Les électeurs étasuniens verront sur leurs écrans la silhouette trébuchante de Biden présidant, sans grande conviction, à l’escalade d’une crise dont il est en grande partie responsable. Ce que les démocrates voulaient, c’était que les électeurs oublient Biden, comme un oncle fou enfermé dans le grenier, et se concentrent sur Kamala Harris.

Joe Biden semble assez sain d’esprit lorsqu’il s’en tient à son téléprompteur, mais lorsqu’il s’égare pour parler aux journalistes, les résultats sont spectaculairement explosifs. Interrogé jeudi sur l’attaque par Israël des installations pétrolières iraniennes, Biden a déclaré: «Nous en discutons. Je pense que ce serait un peu… de toute façon» – s’interrompant au milieu de la phrase.

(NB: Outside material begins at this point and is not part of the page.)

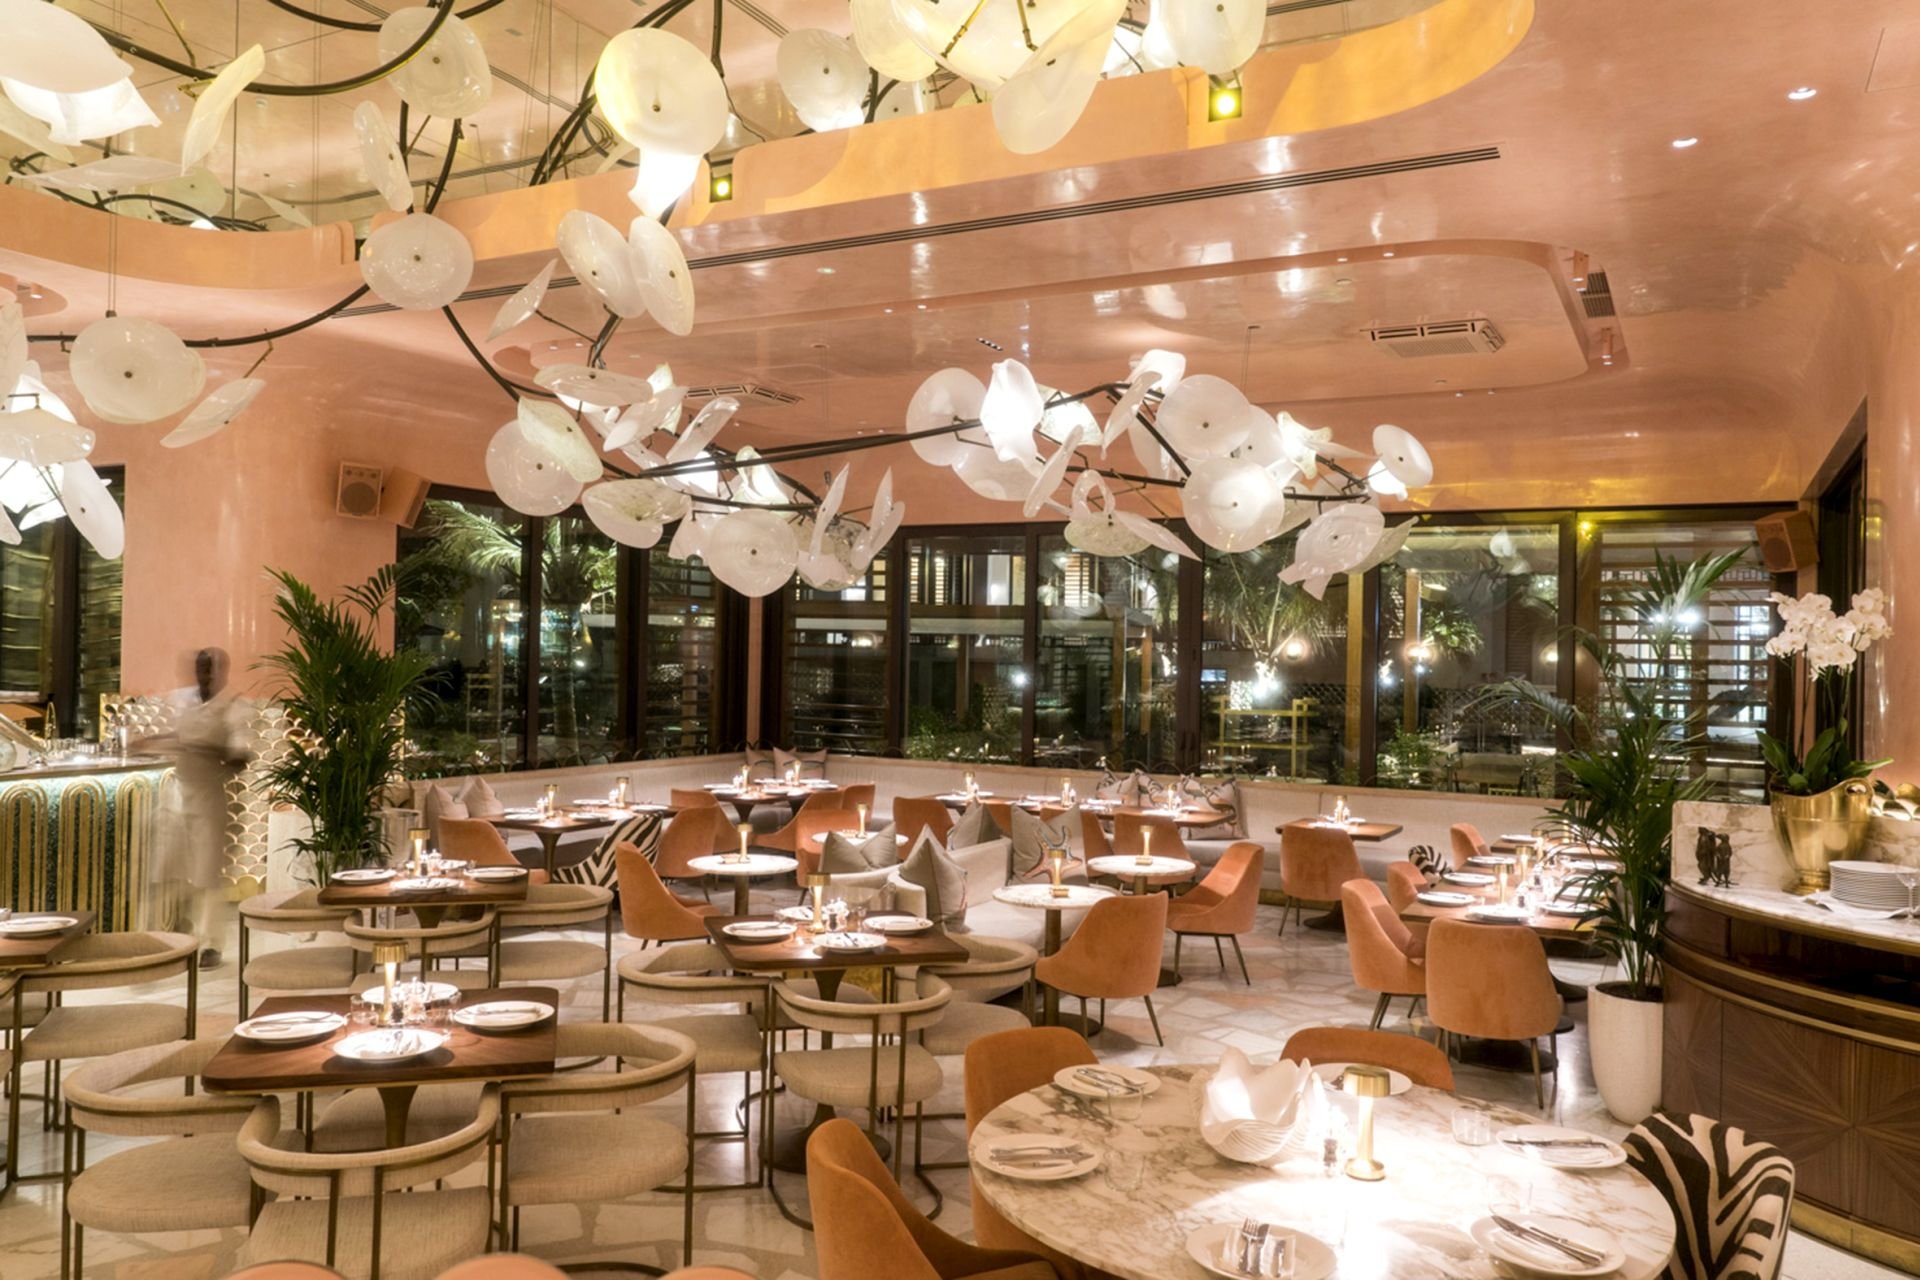 Restaurant Designs: Flamingo Room by tashas, Dubai - Love That Design
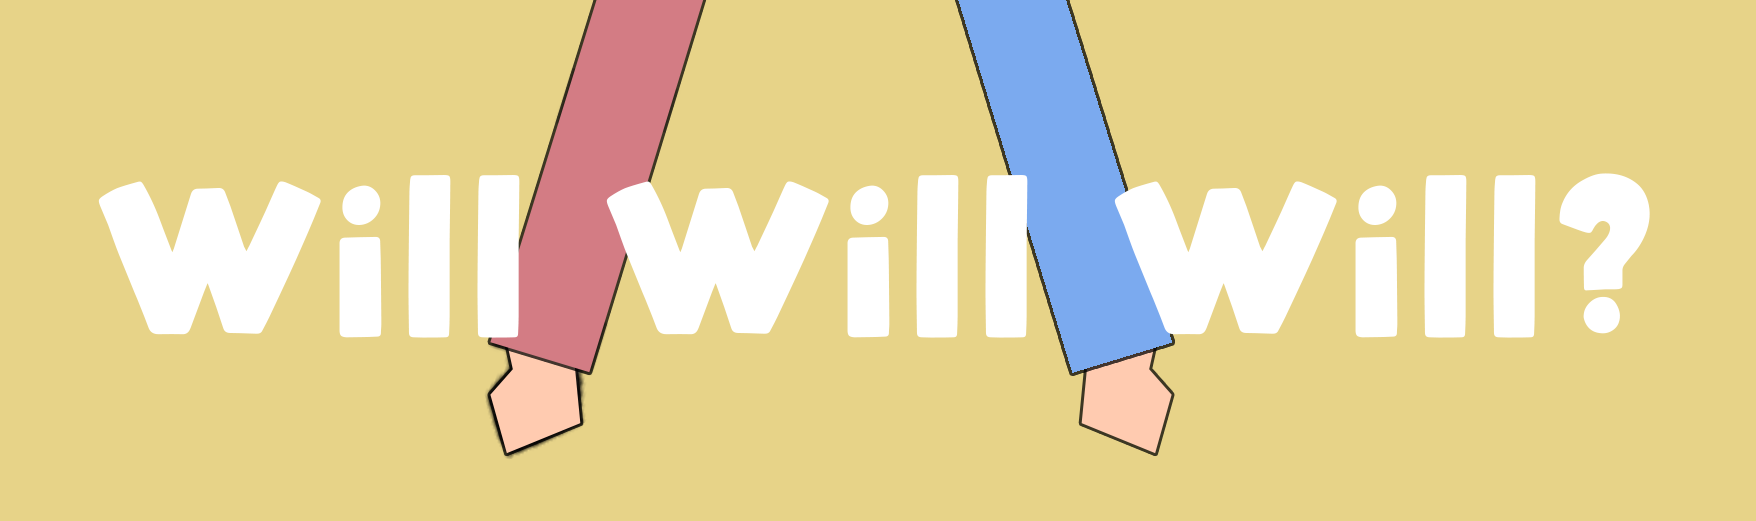 Will Will Will?

Cette déclaration a fait grimper le prix du pétrole de 5%!

Plus tôt dans la semaine, il avait été interrogé sur les frappes aériennes israéliennes au Yémen, ce à quoi il avait répondu qu’il était en faveur de la «négociation collective», croyant à tort qu’on l’interrogeait sur les grèves [des dockers] en tant que forme de mouvement social

Aucun des commentateurs évoquant les problèmes que le Hamas et le Hezbollah rencontreront pour remplacer leurs dirigeants assassinés n’a réfléchi au fait que les Etats-Unis sont eux aussi sans dirigeant.

Si Israël parvient à stopper les exportations de pétrole iranien ou à détruire ses raffineries [au moyen de l’offensive militaire en préparation, conjointement avec les cercles du Pentagone], l’Iran prendra très probablement des mesures contre les 30 % du commerce mondial de pétrole qui s’écoulent du Golfe par le détroit d’Ormuz. Une frappe sur les installations nucléaires iraniennes pourrait ou non réussir à détruire des équipements essentiels, mais elle propulserait certainement l’Iran vers la fabrication d’un dispositif nucléaire.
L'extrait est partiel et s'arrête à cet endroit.